Key takeaways
In this module, you learned:
- CJA shifts processing to report time rather than collection time. Traditional Adobe Analytics applies most processing rules (like VISTA rules and processing rules) as data arrives — meaning decisions about what to capture and how to categorize it must be made upfront. CJA is designed for minimal collection-time processing and instead applies powerful transformations at query time through data views and Analysis Workspace, giving analysts far more flexibility after the fact.
- The "person ID" is what allows CJA to unify data across sources into a single journey. When building a connection, you select a person ID field for each dataset. This common identifier is what ties events together — enabling CJA to stitch together touchpoints from different datasets (web, call center, mobile app, in-store) under a single person, which is the foundation for true cross-channel journey analysis.
- A data view is a layer of interpretation on top of a connection. Rather than storing a separate copy of data, a data view is a configuration container that defines how the data from a connection is surfaced in Analysis Workspace — which dimensions and metrics are available, what those components are called, which schema columns they pull from, and how they behave. A single connection can have multiple data views with different configurations.

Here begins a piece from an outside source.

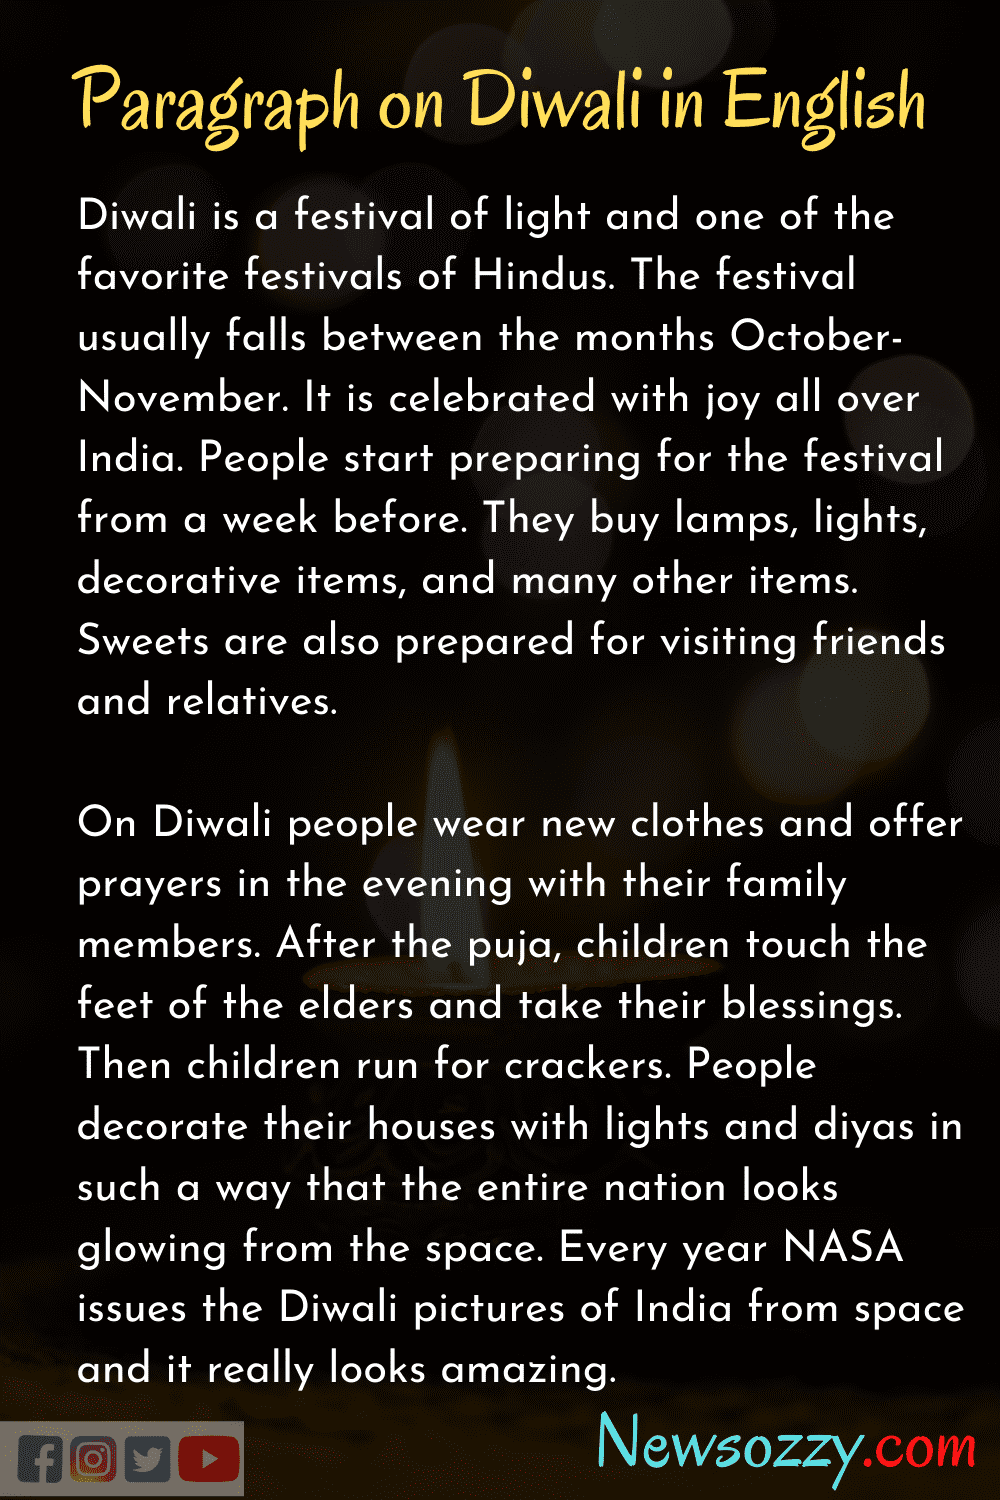 diwali essay with picture

- CJA stores data in a columnar format for faster analytical queries. Instead of organizing data row by row (as a traditional database might), columnar storage groups all values of each field together. This makes it significantly faster to filter and aggregate large datasets — particularly for the kinds of queries analysts run when slicing data by different dimensions and metrics.
- Custom component IDs keep metrics compatible across different data views. When you assign a custom ID to a metric in a data view, the CJA reporting API uses that ID to identify the metric regardless of which schema field it pulls from. This means a workspace project built with that metric can remain functional even if it is opened against a different data view — an important consideration when building reports intended to be reused across multiple connections or datasets.